The press had shined the spotlight on Damien even before he won the Junior Grand Prix at fifteen. He was too young, too talented, and too good-looking. Perhaps they would have looked away once he retired, but then there was scandal. And after that, money and the empire he built. Every step in Damien's life has drawn scrutiny, and I can't imagine that will stop any time soon.

Damien's wealth is a blessing in so many ways. A concrete manifestation of his incredible talent and intellect. And it's so damned unfair that what should feel like a boon--the ability to provide for a child in every way possible--feels so much like a curse.

My phone pings, signaling an incoming text. I scramble in my leather satchel to grab it, hoping it's Damien, but I can see immediately from the message on the lock screen that it's not--What makes you think you can handle it?

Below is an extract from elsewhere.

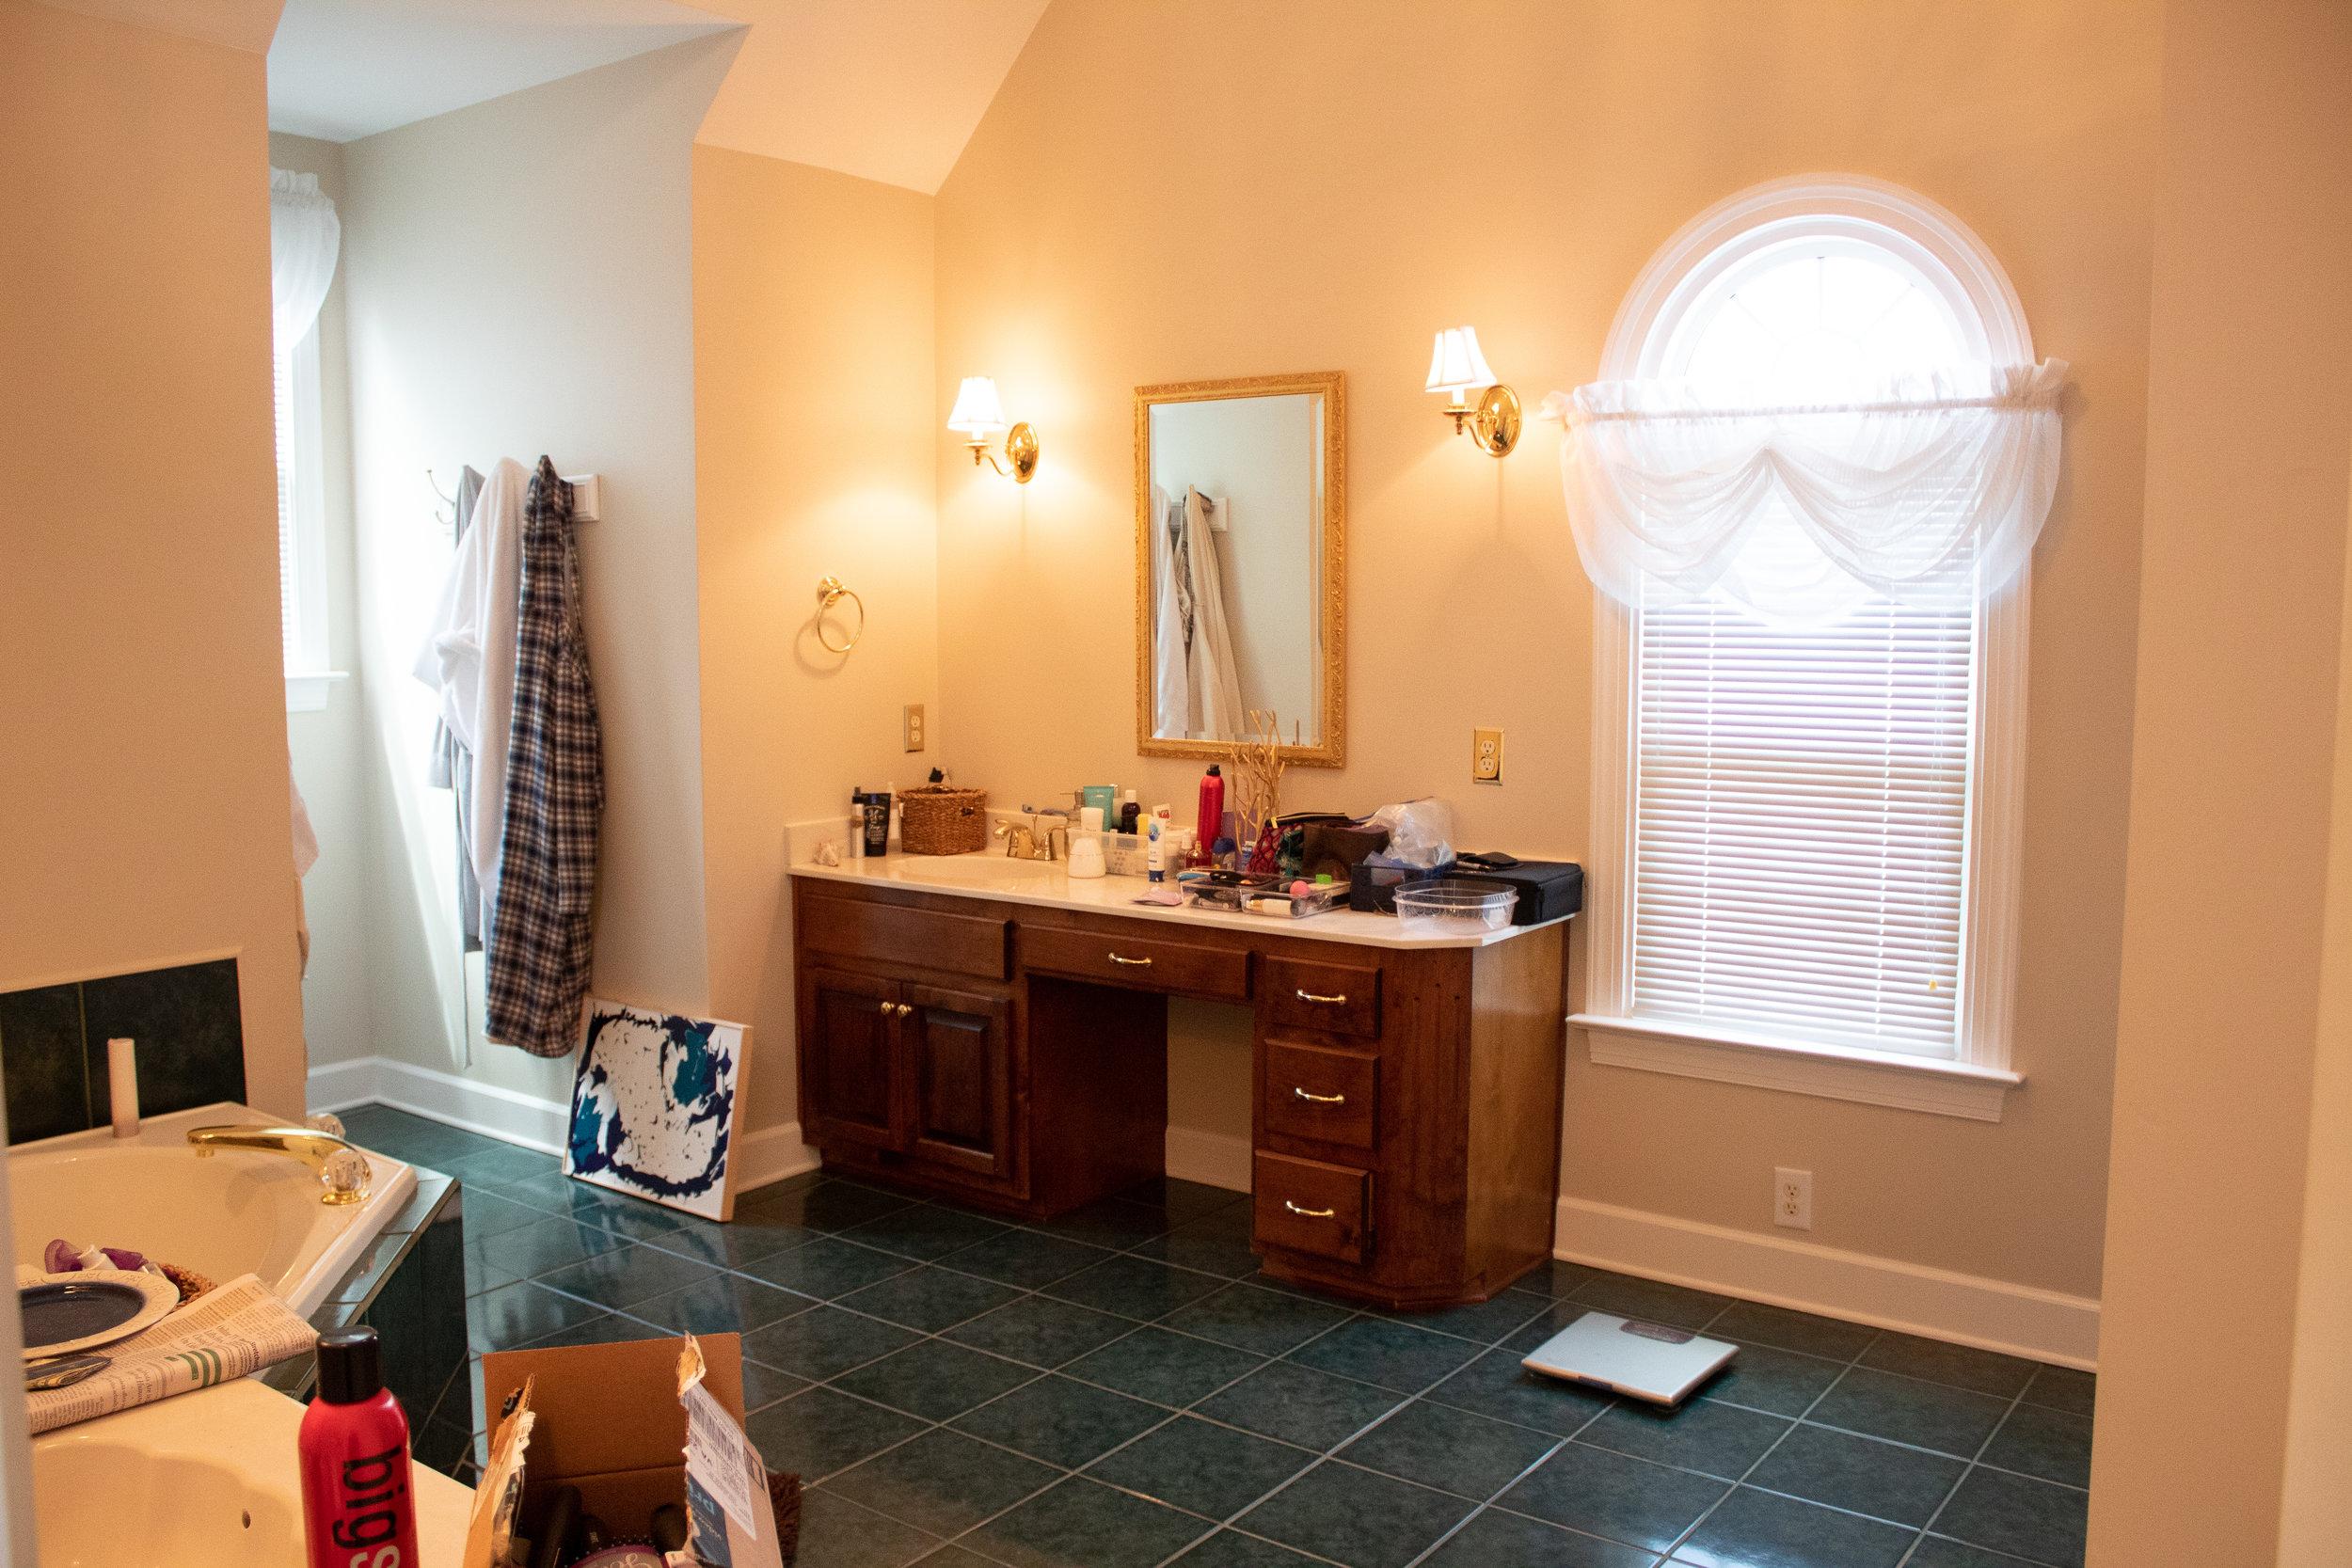 Timeless Bathroom Remodel Benson Homes, Bathroom Remodeling Chesapeake Va

I stare at the cold, hard words and my insides twist as bile rises in my throat. I hesitate. My instinct is to just throw the damn thing back into my bag. But I don't. I open the app so I can see who sent it. But the number is blocked, and all I have is the horrible text.

I have no idea who sent it. I've never been particularly precious with my cell number. Mostly, I only give it to friends, but I also frequently use it for after-hours business or pass it along to important contacts.

In other words, it could be anyone. Maybe it's some bitch who resents me for having married Damien. For being pregnant with his child. Or maybe it's one of the potential contractors for the Greystone-Branch job, pissed off after hearing the rumors that I'm one of the final candidates.

Maybe it's Sofia, and she's not as healthy as everyone seems to think.

I don't know, and I don't care.

Except that's a lie. I do care. I care too damn much. And as I fight back tears, the words of the text rattle around in my head, banging up against my own dark thoughts. You, a mom? You, juggle work and a family? What makes you think you can handle it, Nikki? What makes you think you're even remotely prepared for this? For any of this?